The gofundme appeal called 'Urgent surgery and treatment for Carson' has so far raised more than £14,000 towards a £20,000 target.

Jordan said money raised will also go towards paying for physiotherapy treatment.

Jordan said: "We want the abcesses and cysts removing.

"They said had Carson been older that is something they would have done, but because he is so young and his brain is not fully formed they want to wait until at least 12 months.

"But in eight months there is going to be more damage surely. We are looking at getting private treatment."

"We don't want to wait around for that long with this just eating away at him."

Dr Phil Wood , chief medical officer for Leeds Teaching Hospitals NHS Trust, said: "We appreciate that this is a distressing time for Carson’s parents.
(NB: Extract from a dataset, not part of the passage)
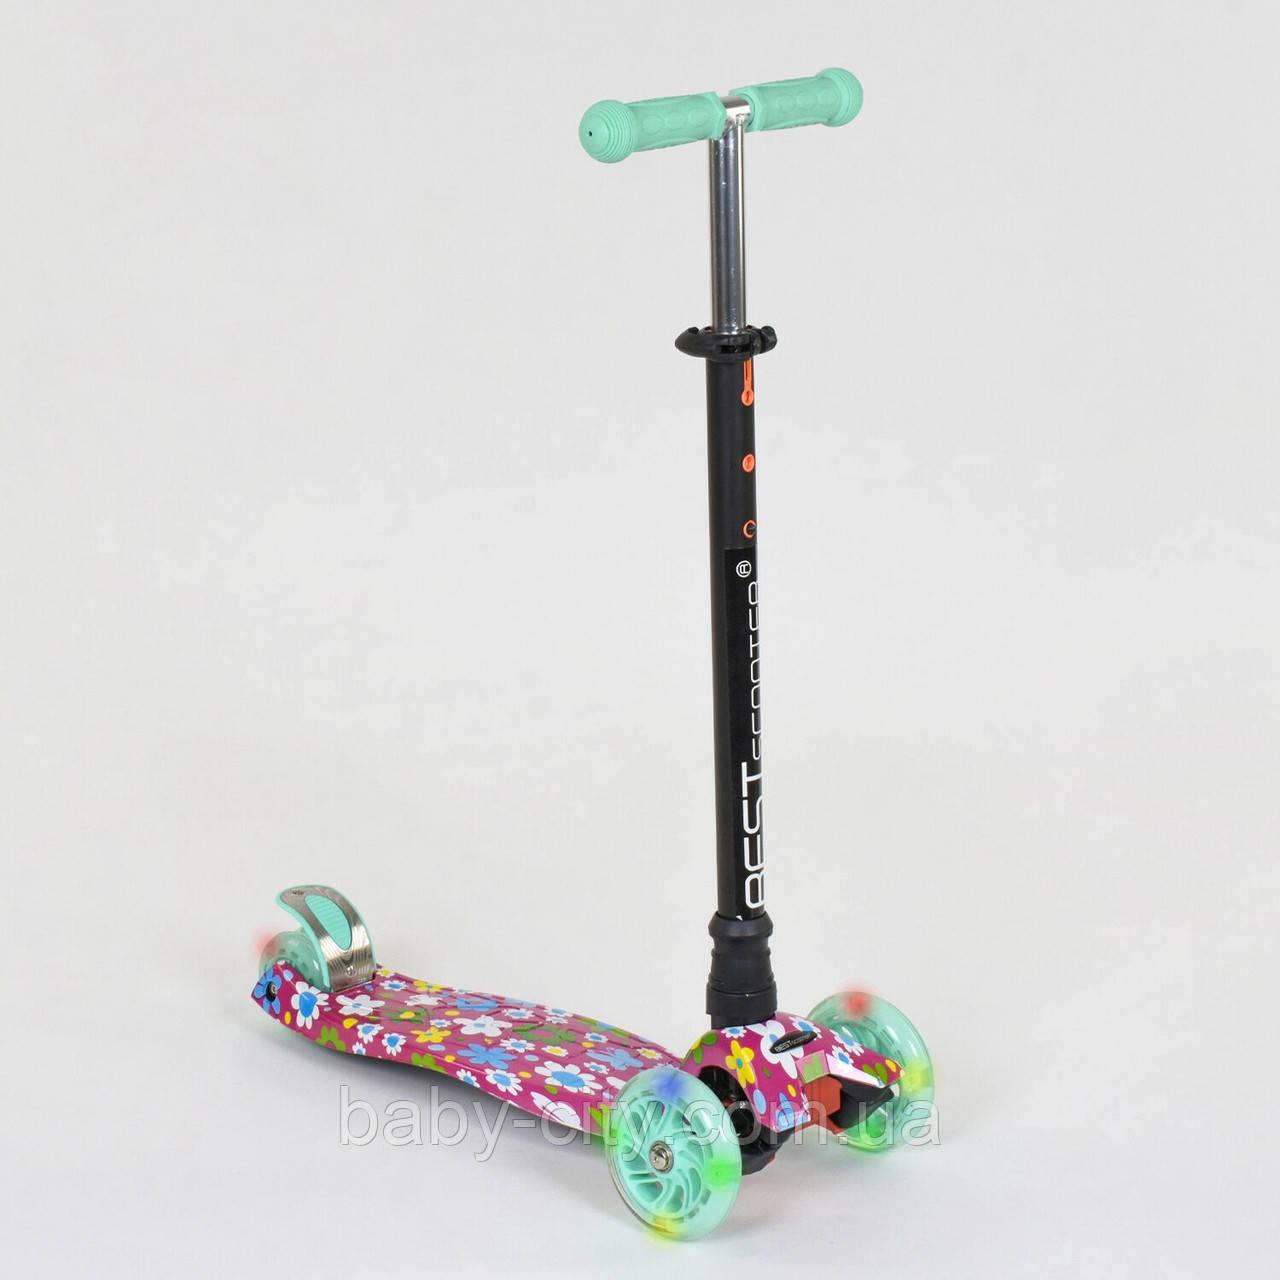 Трехколесный самокат Best Scooter Maxi А 25600 /779-1343

"Fetal scalp electrodes are used routinely in maternity care and complications from them are extremely rare.

"The details of Carson’s birth are being reviewed by the maternity team, which will be shared with his parents.

"Our clinical team at Leeds Children’s Hospital will work with Carson’s parents to ensure he continues to receive the best possible care.

"At the parent’s request we have sought a second opinion from Great Ormond Street Hospital for Children which has confirmed that our team is offering the most appropriate treatment."